The patient received intensive ventilatory support, and methylprednisolone pulse therapy (1,000 mg/day) was administered for 4 days, followed by methylprednisolone 125 mg/day for 3 days and oral prednisolone. These treatments suppressed PH and proteinuria, but new purpura and haematuria developed. As the high level of ASO in this patient suggested that a streptococcal infection may have been an exacerbating factor, a tonsillectomy was performed; however, this procedure did not improve the patient's purpura. Addition of oral cyclosporine 150 mg/day eventually controlled the clinical symptoms.

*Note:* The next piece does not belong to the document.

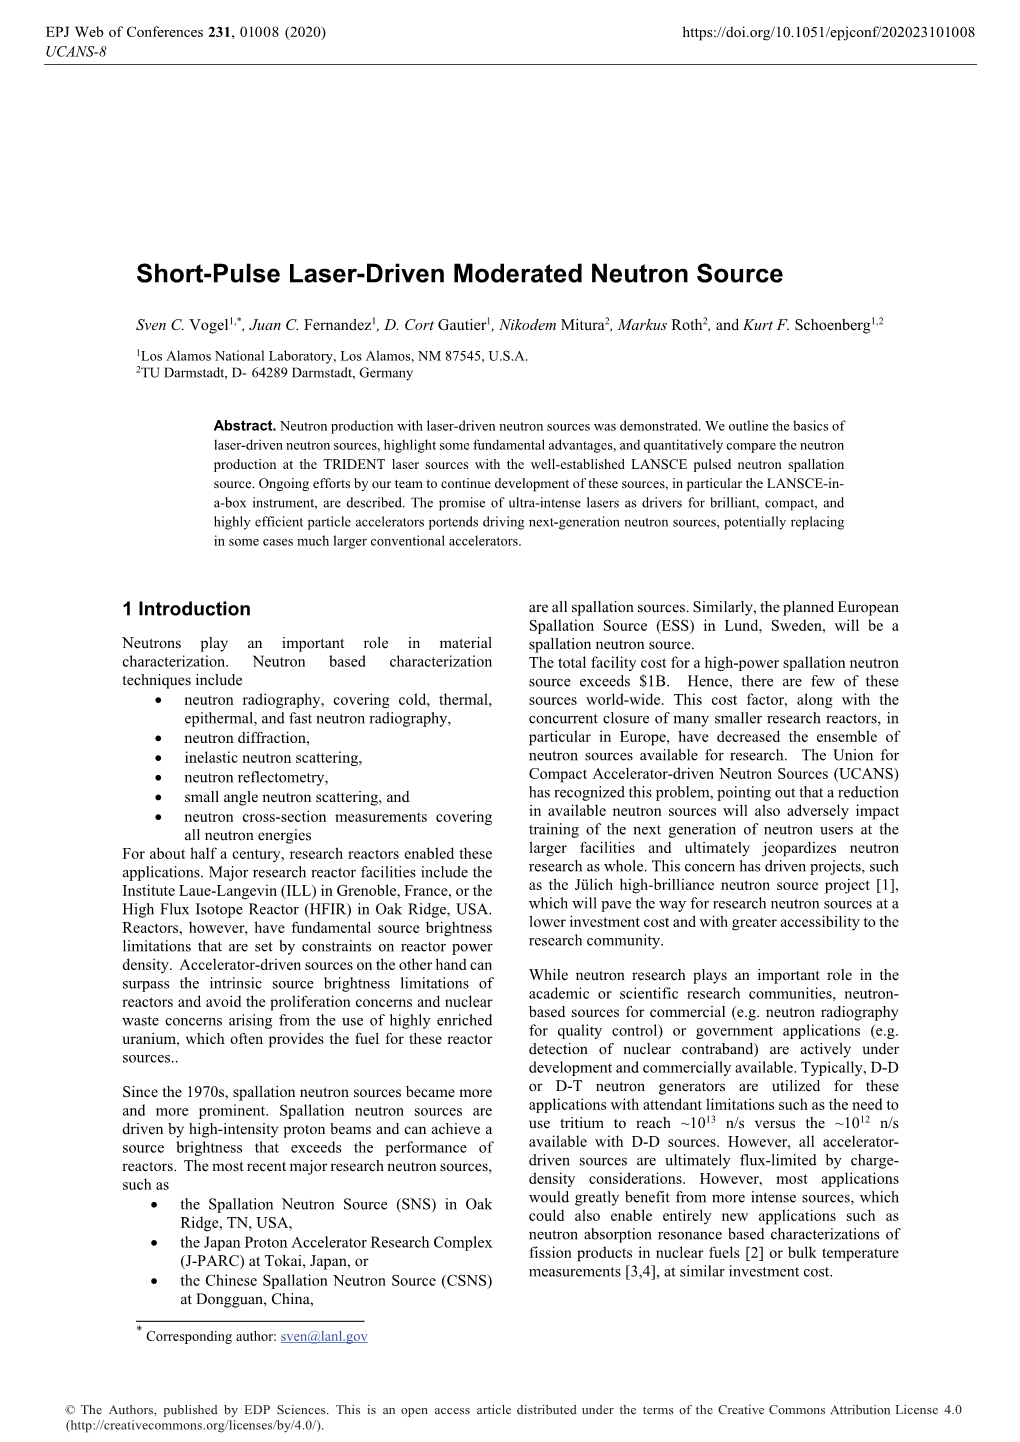 Short-Pulse Laser-Driven Moderated Neutron Source

We presented a case of ANCA-negative MPA with PH and IgA nephropathy. Differential diagnosis seems to be Henoch-Schönlein purpura (HSP). HSP is a small-vessel vasculitis in the upper layer of the dermis, which is triggered by IgA-related immune complexes [3]. Typically, about 50% of the cases of HSP and IgA nephropathy are preceded by an upper respiratory tract infection, especially infection caused by streptococcal bacteria [4, 5]. As ASO was high in our patient, we cannot deny the possibility that chronic tonsillitis might have played a role in triggering IgA nephritis and vasculitis. Palpable purpura and IgA-related nephropathy were indeed consistent with a finding of renal involvement of HSP. However, in comparison with MPA, in HSP PH is rare, occurring only in 1.2% of all cases [1, 6]. Furthermore, the histopathological findings of the skin biopsies in our patient showed pandermal leucocytoclastic vasculitis without IgA deposition, which also contradicted the diagnosis of HSP [3]. Therefore, MPA with PH and IgA nephropathy was diagnosed, although an overlap of MPA and HSP was not completely deniable [7].

Recent studies indicated an association between MPA and IgA. For example, IgA ANCA has been considered a possible pathogen for HSP [8, 9]. In addition, renal involvement in MPA has anecdotally been pauci-immune glomerulonephritis, which is characterized by mild or absent glomerular tuft staining for immunoglobulins and/or complements. However, some studies revealed that IgA deposition in the kidney can be observed in MPA [10, 11, 12, 13]. Since immune complexes are thought to act synergistically with ANCA to produce more severe glomerulonephritis than is seen with ANCA or immune complexes alone [11], it may be possible that the prognosis of renal function was better in our case, because MPO-ANCA was absent. However, careful observation seems to be required in these cases.

Disclosure Statement

The authors have no conflicts of interest to declare.